Westcott made for the door without looking at him. Erem made to follow, but then Westcott stopped, as if he intended to glance back. He stood that way for several long moments, his silence a forlorn farewell, but didn’t turn. Then, as quickly as he’d stopped, Westcott opened the shop door without a word, motioning Erem out, then following close behind him.
He didn’t bother to shut the door behind them.
39
Ferrin
By far, Ral the Builder is the founding hero least written of. A disservice in my view. It’s colloquially said that the founding quartet “built” this nation. This is of course, true. But in Ral’s case, it was literally so. Virtually any building of note that exis
ts in Agarsfar today was built either under his supervision or by his own hands. He performed all his building with no tools save his power to channel and a small hammer, perhaps an earth Link Most believe such skill is lost to us today, but in my view Ral was simply a once in a millennia talent.
-From the preface to the Millennial Printing of Tragnè’s Oral Histories, written by Rikar Bladesong
HE DROPPED HIS HEAD into the book before him, letting out a deep sigh. With the hood of a cloak he’d found in Westcott’s pantry covering much of his face, Ferrin was enveloped in darkness. The seductive relaxation offered by sleep was difficult to resist.
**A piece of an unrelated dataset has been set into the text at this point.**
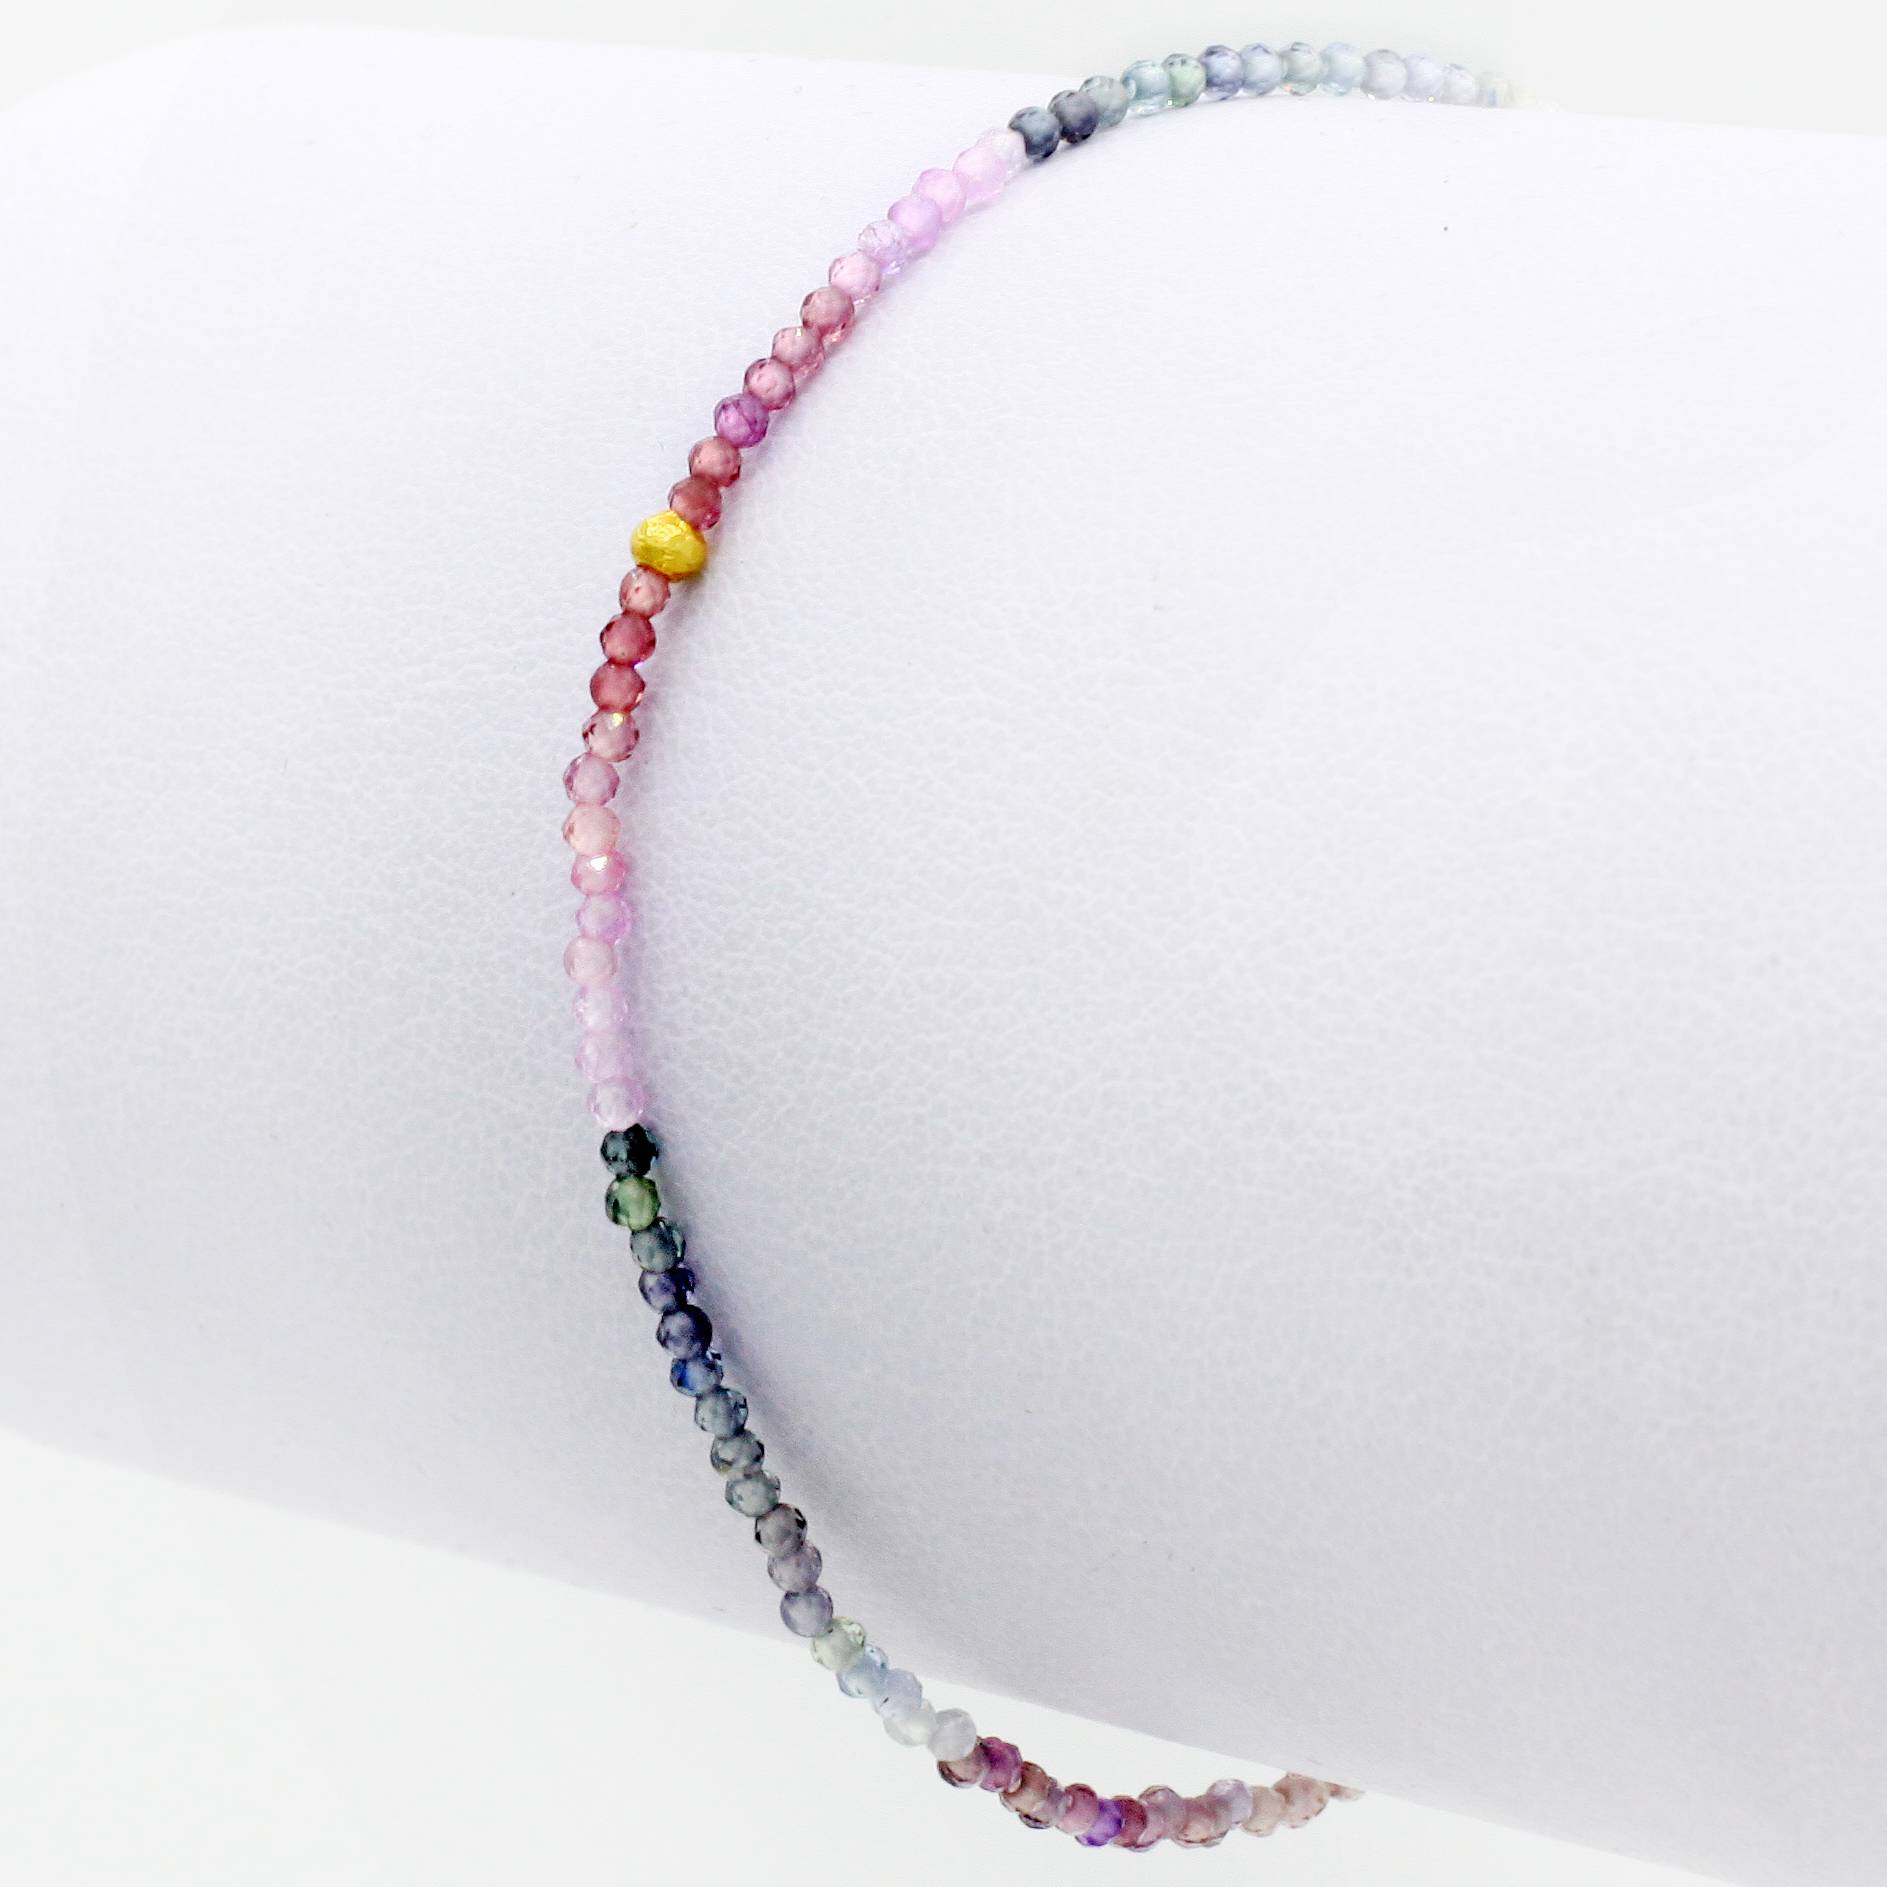 Margaret Solow Jewelry | Pink Sapphire + 18k Gold Beaded Bracelet | Firecracker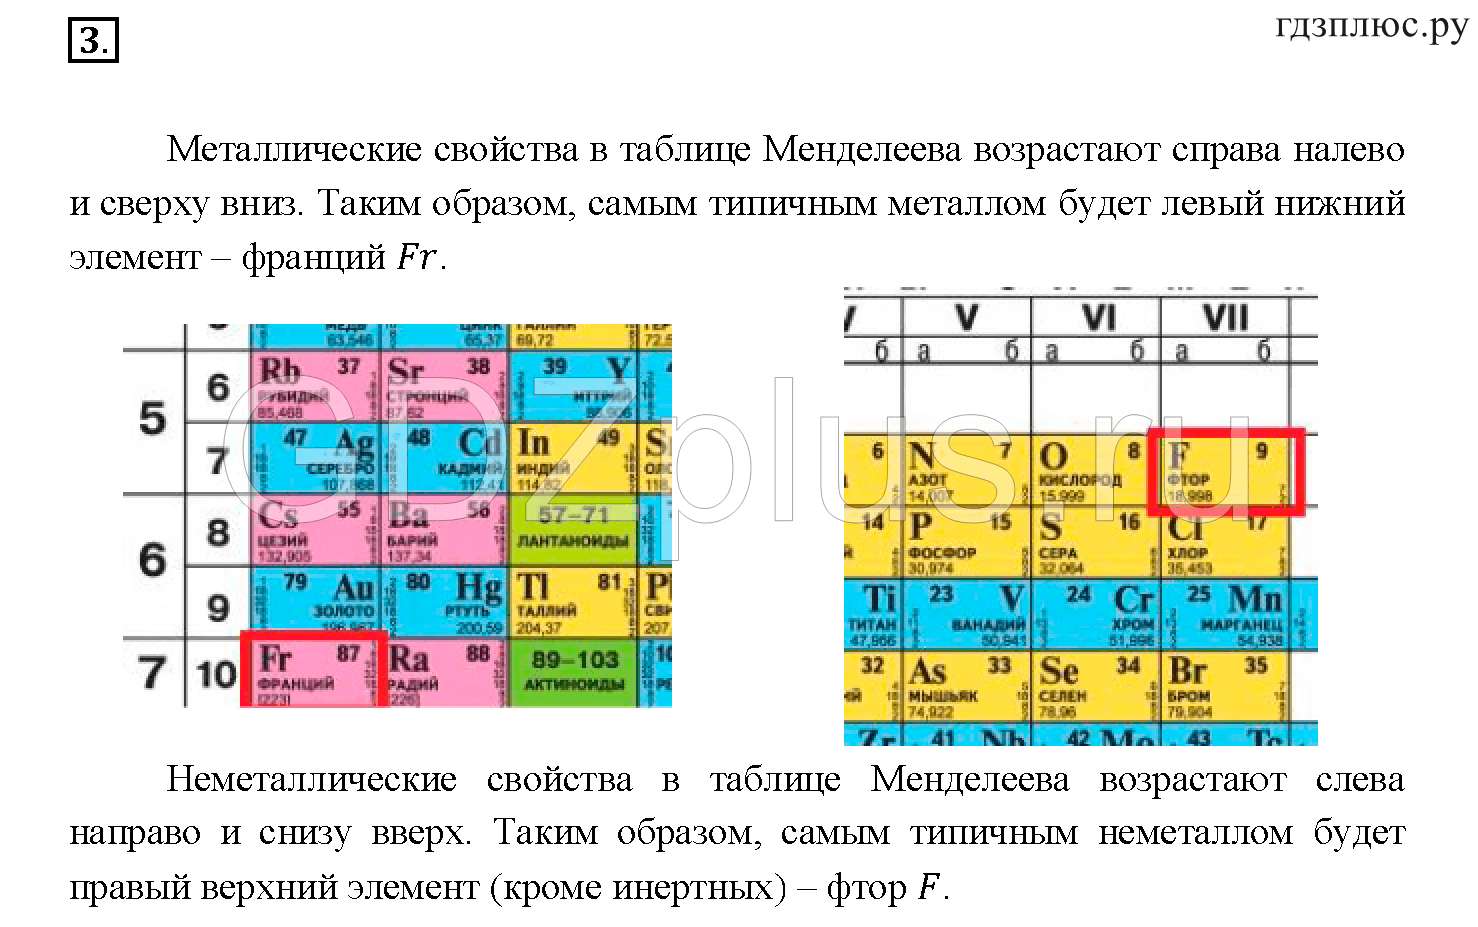 Металлические свойства натрия сильнее чем. Усиление основных свойств в таблице Менделеева. Таблица металлических свойств химических элементов. Порядок металлических свойств элементов. Металлические свойства элементов таблица.

But rest was a luxury he could no longer afford. Trimale knew he’d been forced to do enough of it these past days. It’d been nearly the only thing Erem had said to him since he’d awoke in the bed of an apothecary in Tragnè City. A bed much too large for the single, mouse of a man who ran the shop.
He turned his head, eyes falling to the binding of a massive tome. Genealogies of the Western Province. He’d often seen the volume cited in books at Ral Mok’s library, but had never actually found a copy until now. The urge to throw the other books aside and bury himself in its pages hit him for what must have been the tenth time since he’d sat down. But for once he had something more important to do in a library than research his parentage. He turned his attention back to the schematics of the tunnels below the City.
It’d been hours now since he’d snuck out of the shop. Erem would be furious, not that Ferrin cared. The man was taciturn as ever, breaking his brooding silences only to have hushed arguments with the alchemist who’d taken them in. It hadn’t escaped Ferrin’s notice that the chemist’s name was Westcott, same as the Symposium’s last Apothick Master Keeper. That Erem had such friends only emphasized that he’d once been a Keeper himself. But strain his mind as he might, Ferrin could remember no Keeper with such a name. Certainly a shadow-attuned blademaster would have stood out in the histories he’d read.